== The data ==
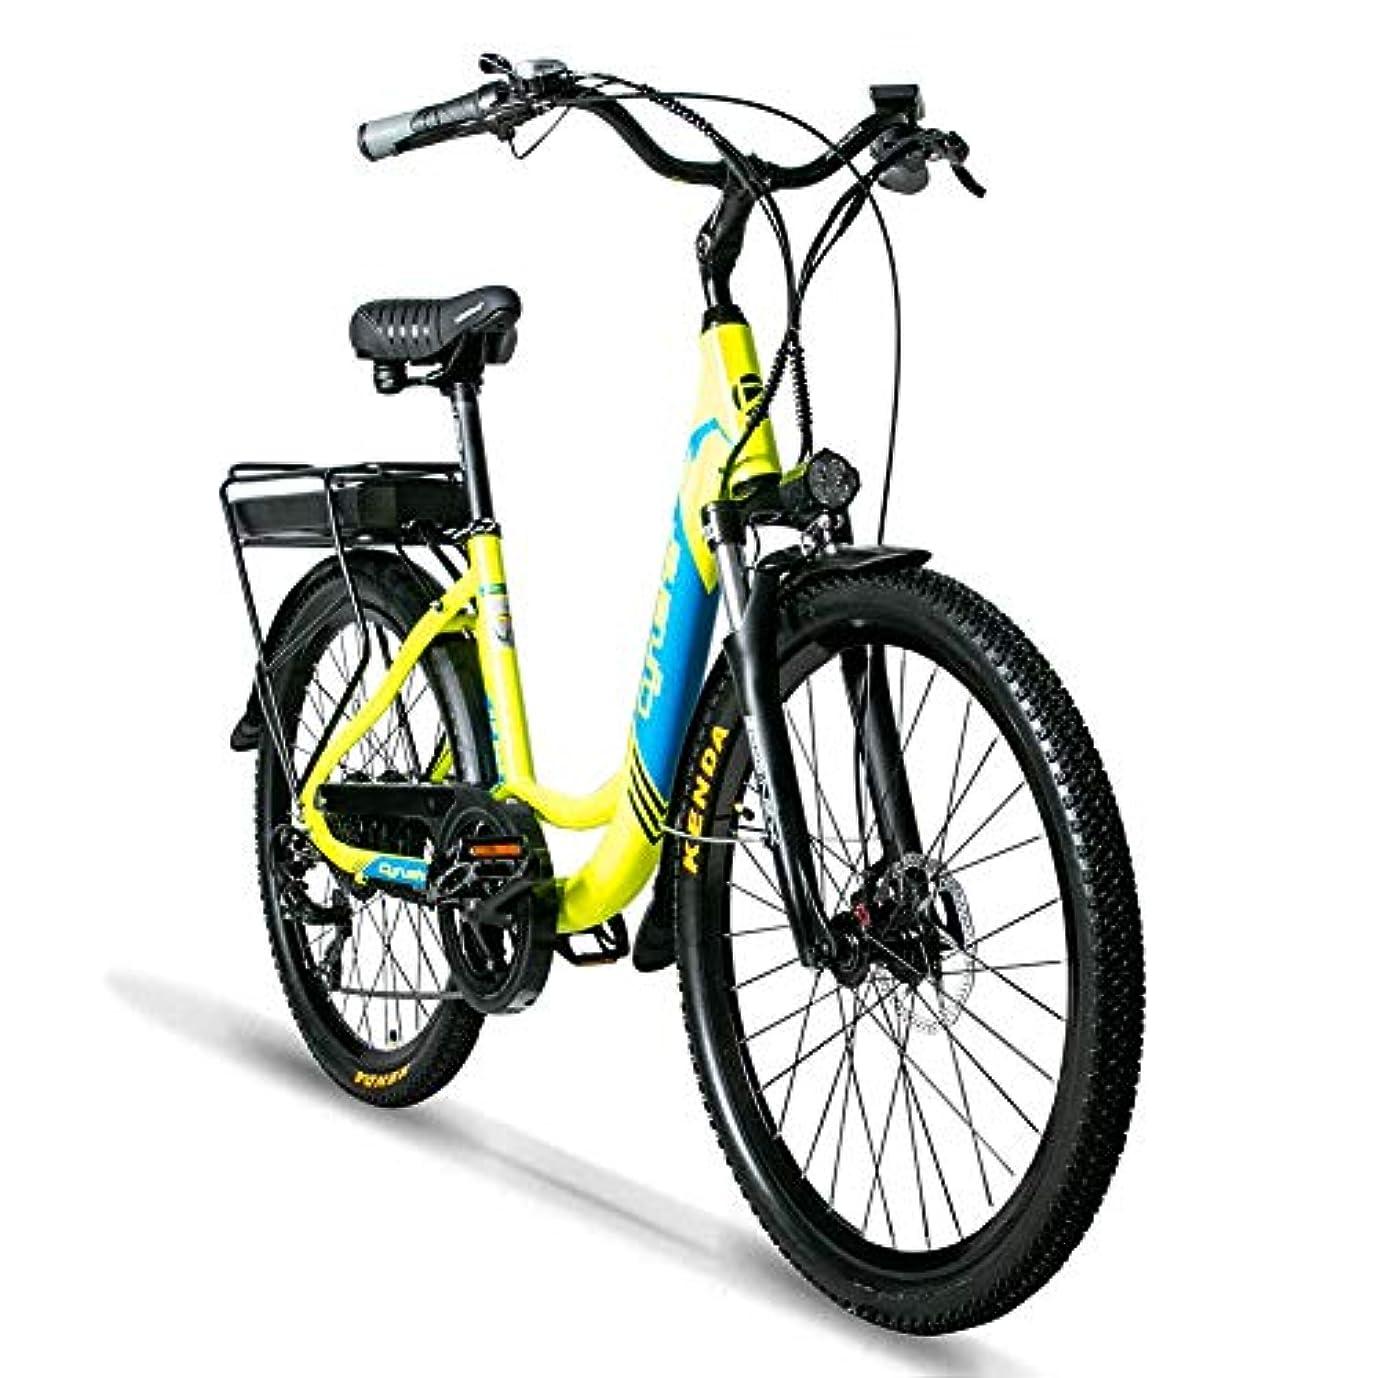 博覧会追放レオナルドダExtrbici XF200 アシスト自転車 女性専用自転車 MTB 26インチマウンテンバイク 500Wモーター 48V*14AHリチウムバッテリー 専用充電器付 荷台付き
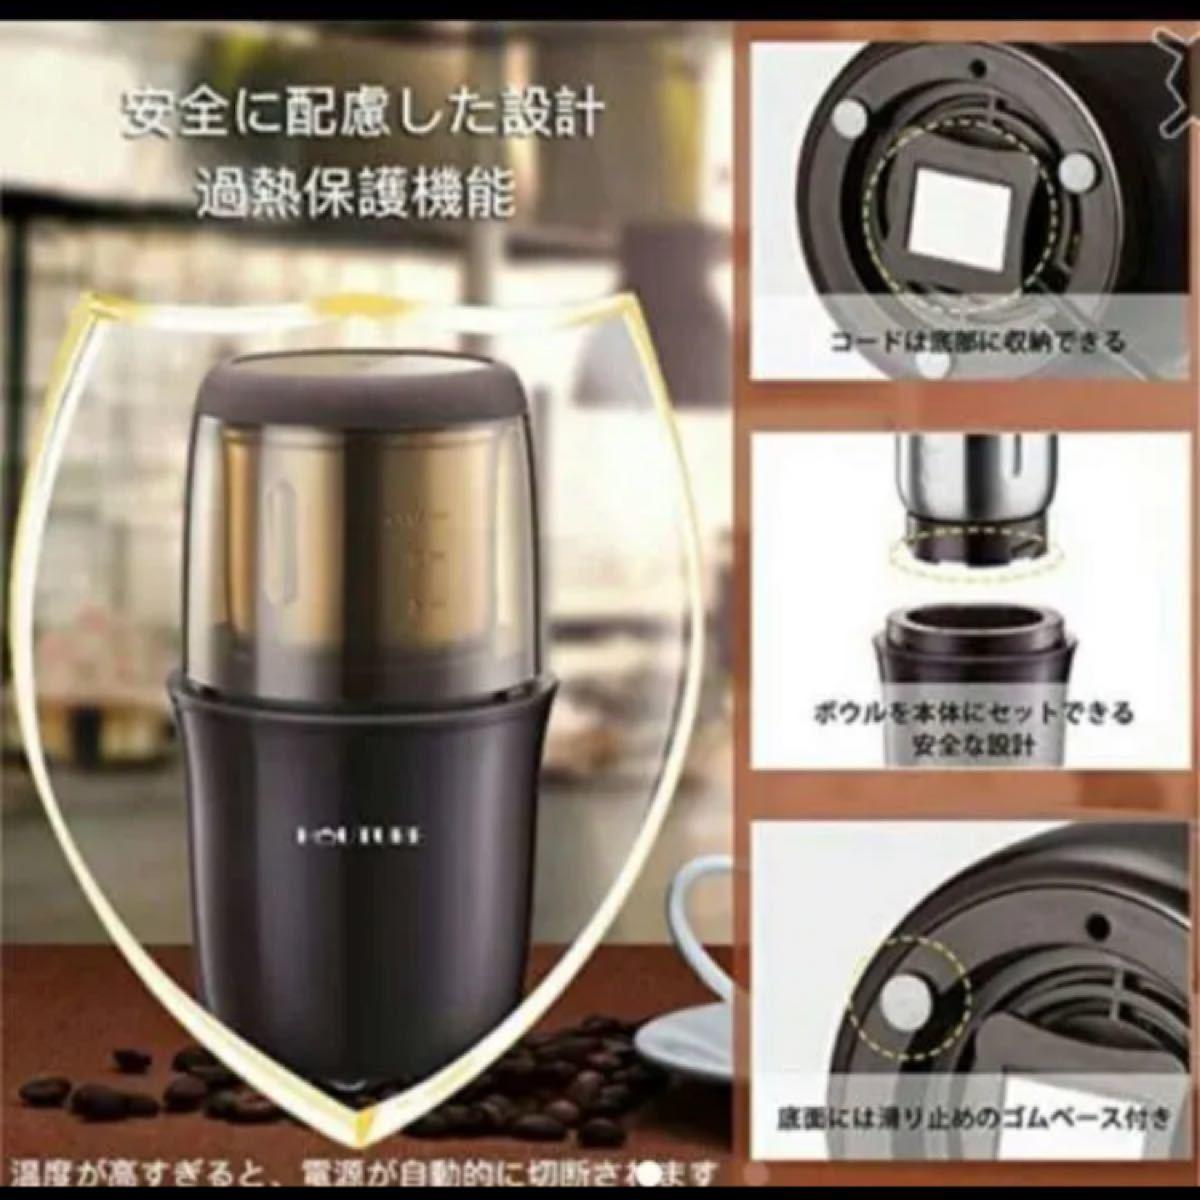 電動コーヒーミル コーヒーミル コーヒーメーカー 豆挽き 父の日 ギフト
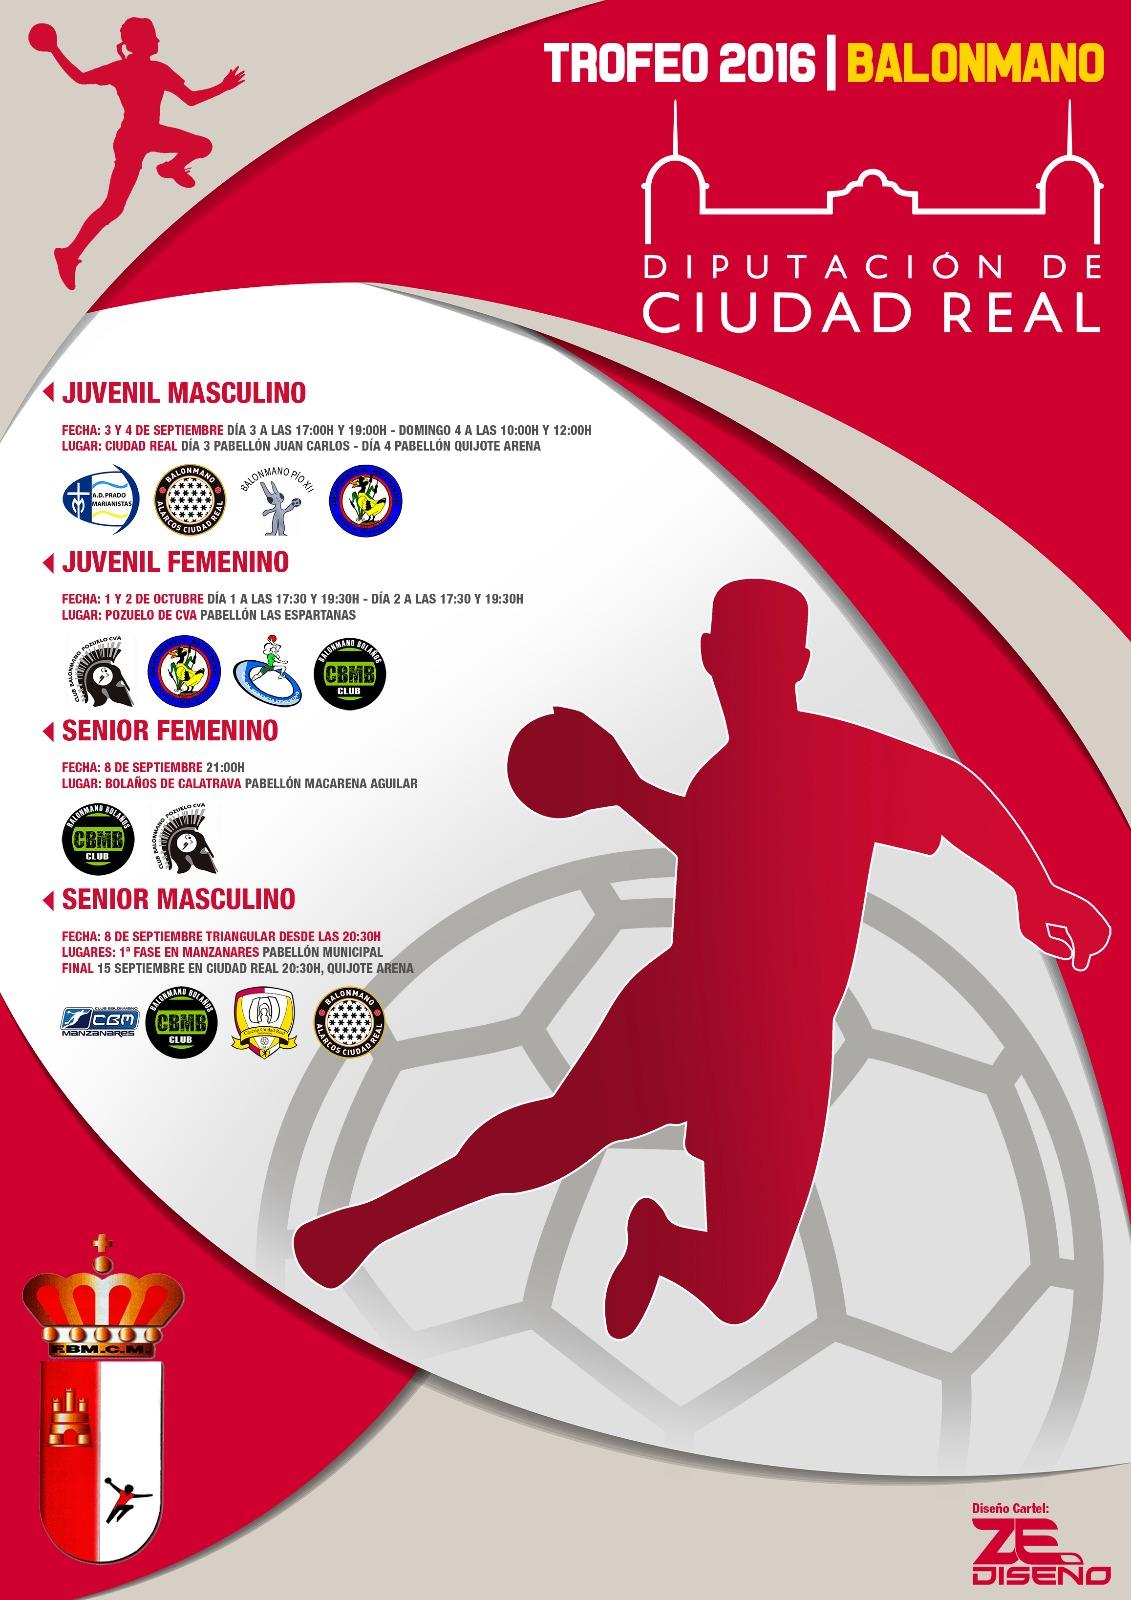 Trofeo Diputación Balonmano

== Task directions ==
The copy must match every line of the data exactly and contain no pictures.

== Finished exercise ==
 博覧会追放レオナルドダExtrbici XF200 アシスト自転車 女性専用自転車 MTB 26インチマウンテンバイク 500Wモーター 48V*14AHリチウムバッテリー 専用充電器付 荷台付き
 電動コーヒーミル コーヒーミル コーヒーメーカー 豆挽き 父の日 ギフト
 Trofeo Diputación Balonmano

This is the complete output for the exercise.